We have an 5.1 AOS cluster (EOL I know), we wish to upgrade to latest possible LTS (which seems to be 5.5.8). The ncc is clean but the preupgrade fails at 3°% claiming a zookeeper is not reponding on one of the CVMs.



But

allssh genesis status | grep zookeeper

zookeeper: 3967, 3996, 3997, 4003]

Connection to @1 closed.

zookeeper: 3899, 3928, 3929, 24979, 25089, 25105]

Connection to @2 closed.

zookeeper: 3919, 3948, 3949, 7259, 7365, 7380]

Connection to @3 closed.

zookeeper: 3923, 3952, 3953, 7709, 8032, 8047]

Connection to @4 closed.



And

code:
ncc health_checks system_checks zkinfo_check_plugin


runs normally.



What could be the issue?
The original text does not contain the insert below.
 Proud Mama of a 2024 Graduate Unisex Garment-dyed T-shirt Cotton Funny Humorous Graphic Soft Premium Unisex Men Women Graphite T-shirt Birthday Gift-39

Thank you
upgrade the NCC version and try to run NCC checks
Hi @MYK



Can you provide me the output of the following commands from any CVM:



allssh "ps -elf | grep vip_service | wc -l"



allssh 'grep "Too many connections" ~/data/logs/zookeeper.out| tail -n 20'



I believe that you are experiencing a known issue and I need the output of commands to confirm.
Hello @RichardsonPorto

Here is the output. (just replaced IPs)





nutanix@NTNX-4-CVM:host4:~$ allssh "ps -elf | grep vip_service | wc -l"
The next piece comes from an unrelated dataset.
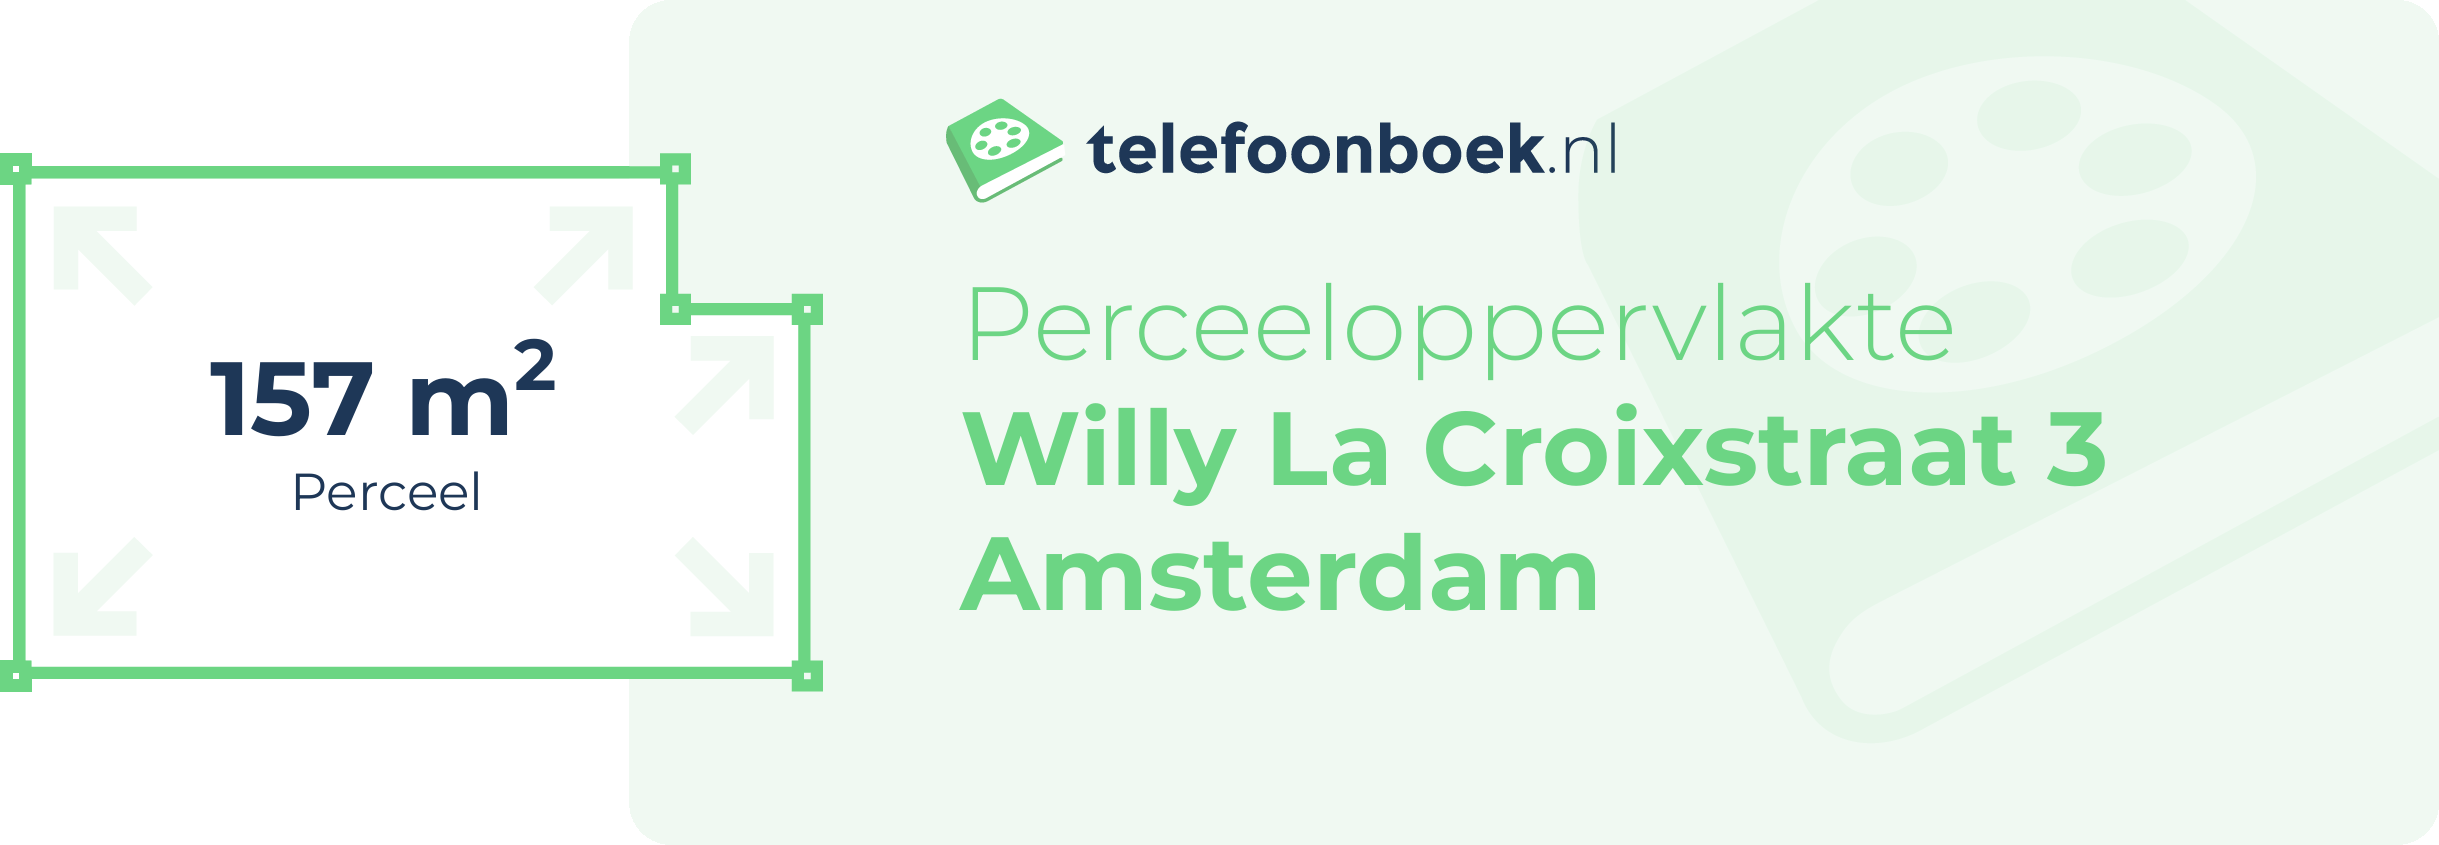 Perceeloppervlakte Willy La Croixstraat 3 Amsterdam

Executing ps -elf | grep vip_service | wc -l on the cluster

================== host1 =================

92

Connection to host1 closed.

================== host2 =================

132

Connection to host2 closed.

================== host3 =================

162

Connection to host3 closed.

================== host4 =================

353

Connection to host4 closed.
I had to split and delete some of the output since it didn't get published



nutanix@NTNX-4-CVM:host4:~$ allssh 'grep "Too many connections" ~/data/logs/zookeeper.out| tail -n 20'

Executing grep "Too many connections" ~/data/logs/zookeeper.out| tail -n 20 on the cluster

================== host1 =================

Connection to host1 closed.

================== host2 =================

2019-02-12 08:37:33,256 - WARN [NIOServerCxn.Factory:0.0.0.0/0.0.0.0:9876:NIOServerCnxnFactory@224] - Too many connections from /host4 - max is 60

2019-02-12 08:37:33,263 - WARN [NIOServerCxn.Factory:0.0.0.0/0.0.0.0:9876:NIOServerCnxnFactory@224] - Too many connections from /host4 - max is 60

2019-02-12 08:37:33,292 - WARN [NIOServerCxn.Factory:0.0.0.0/0.0.0.0:9876:NIOServerCnxnFactory@224] - Too many connections from /host4 - max is 60

...

2019-02-12 08:45:18,164 - WARN [NIOServerCxn.Factory:0.0.0.0/0.0.0.0:9876:NIOServerCnxnFactory@224] - Too many connections from /host4 - max is 60

2019-02-12 08:47:28,783 - WARN [NIOServerCxn.Factory:0.0.0.0/0.0.0.0:9876:NIOServerCnxnFactory@224] - Too many connections from /host4 - max is 60

2019-02-12 08:47:29,285 - WARN [NIOServerCxn.Factory:0.0.0.0/0.0.0.0:9876:NIOServerCnxnFactory@224] - Too many connections from /host4 - max is 60

2019-02-12 08:48:18,173 - WARN [NIOServerCxn.Factory:0.0.0.0/0.0.0.0:9876:NIOServerCnxnFactory@224] - Too many connections from /host4 - max is 60

Connection to host2 closed.

================== host3 =================

Connection to host3 closed.

================== host4 =================

Connection to host4 closed.
Hi @MYK,



Thank you for the output and please open a ticket on Nutanix since you are experiencing a known issue and we can apply a fix to allow the pre-upgrade pass.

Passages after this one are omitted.